Yeah, describing the inputs/outputs of this function are a little tricky. Because of the nested nature of the original data structure, I felt like I was reusing a lot of the same names for things at different levels of abstraction.

This function seems to return a dictionary of data frames (keys are strings), where the indices are timestamps and the columns are switch indices for branches/plants/buses. The function that would use the outputs from this function to produce the PF/PG/LOAD_SHED would presumably also take a Grid object, and then return pandas data frames (in either a tuple or a dictionary) that have the same index, but have columns that match what's in the Grid object, right? I'm just trying to get an idea of the big picture that this PR serves.

ahurli commented 3 years ago

Makes sense for your two points up above.

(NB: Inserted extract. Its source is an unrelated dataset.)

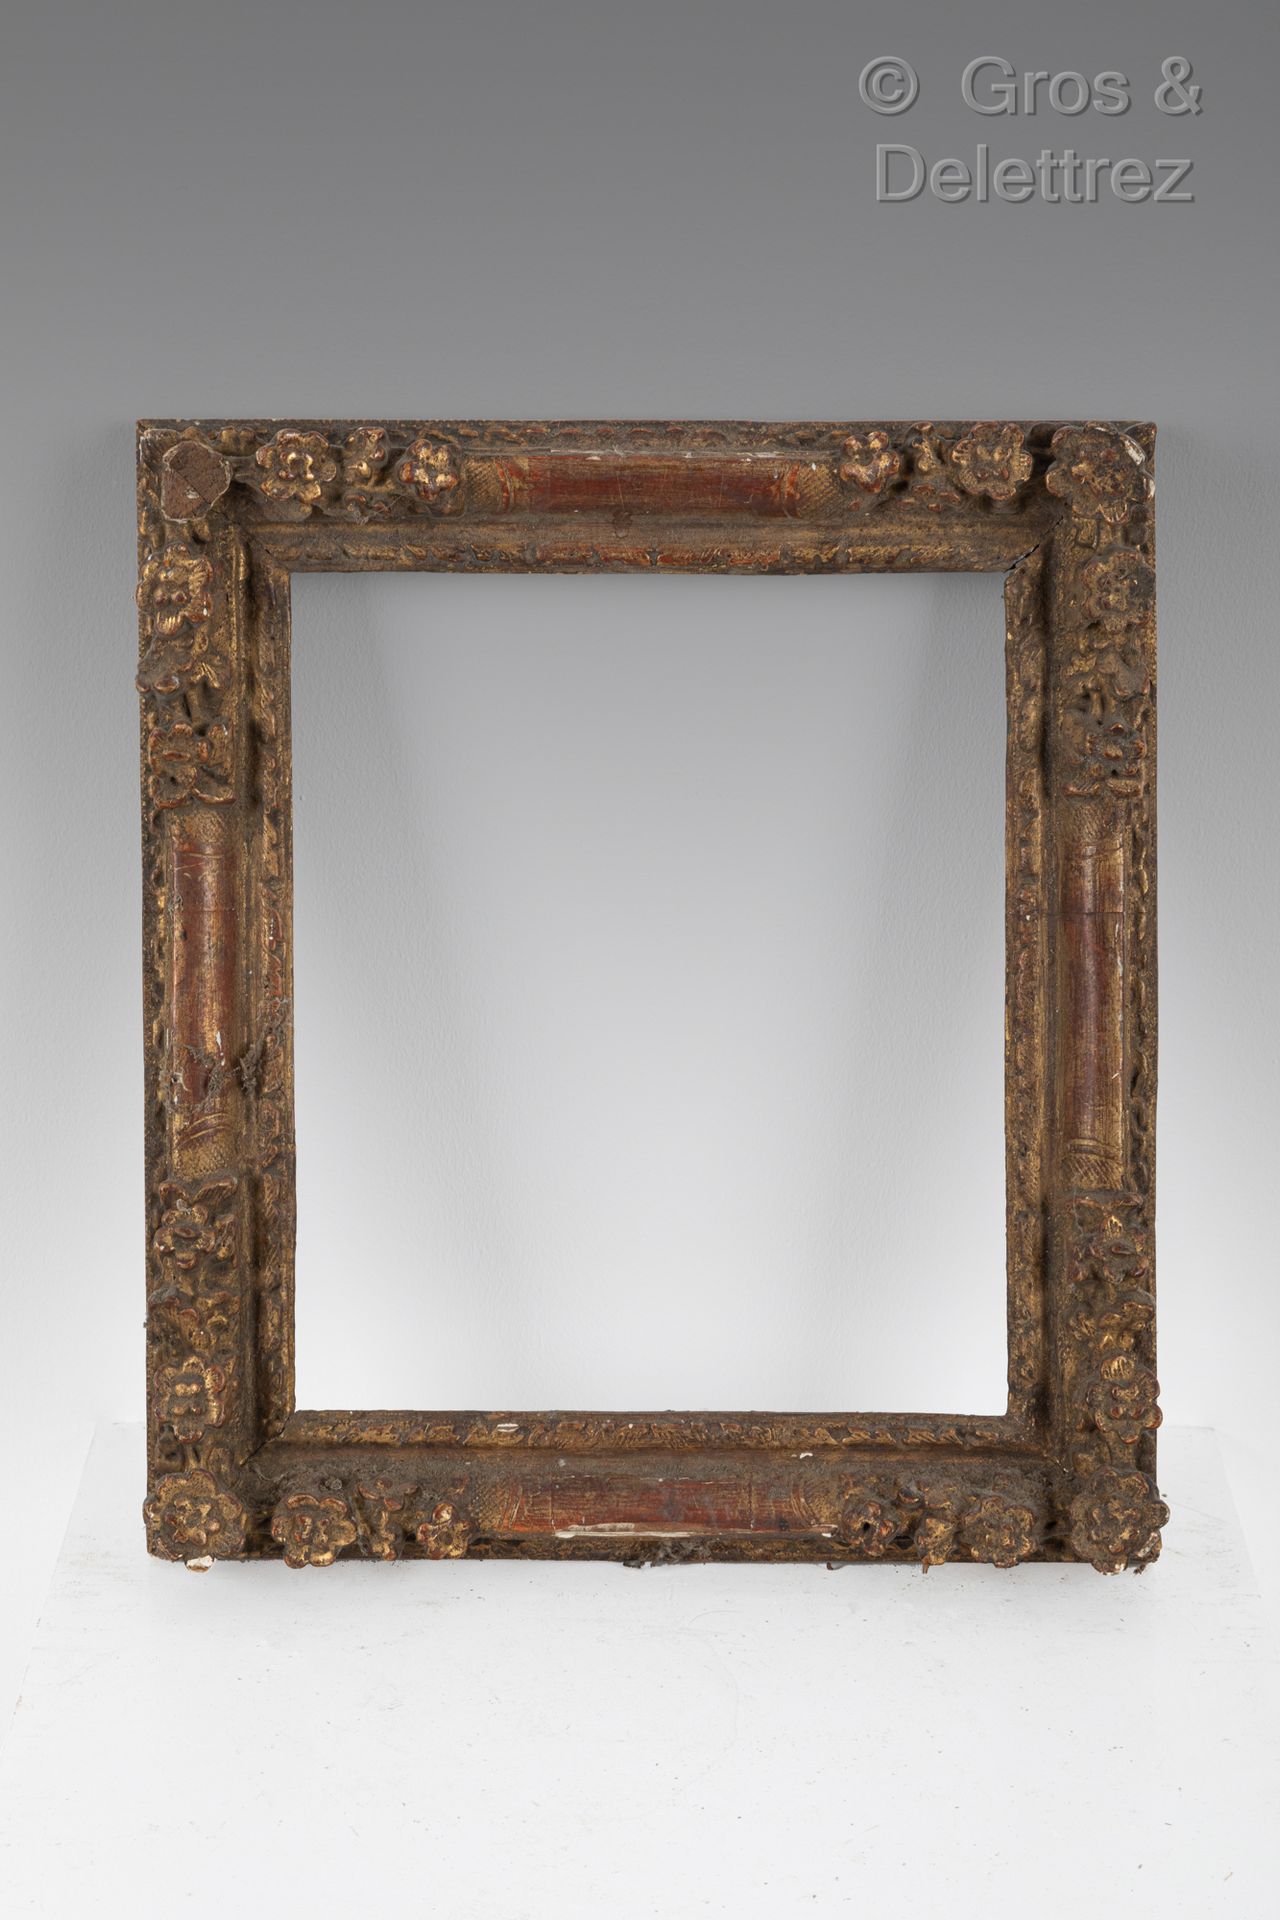 Null Carved and gilded oak frame decorated with flowers in the corners.

Louis X&hellip;

This function seems to return a dictionary of data frames (keys are strings), where the indices are timestamps and the columns are switch indices for branches/plants/buses. The function that would use the outputs from this function to produce the PF/PG/LOAD_SHED would presumably also take a Grid object, and then return pandas data frames (in either a tuple or a dictionary) that have the same index, but have columns that match what's in the Grid object, right? I'm just trying to get an idea of the big picture that this PR serves.

I think whether or not the following function takes a Grid object or just some sort of mapping function/other mapping object that carries the same information is a good design question outside of the scope of this PR (does this mean #47 does depends on #49?) . But as far as the output is concerned, yes, that was what I was imagining too. The point of this function was to make it generic enough that it could potentially be reused when, as an example, we add storage and need to do the same timepoint<>timestamp conversion for the timeseries data that produces assuming those results follow the same output data structure.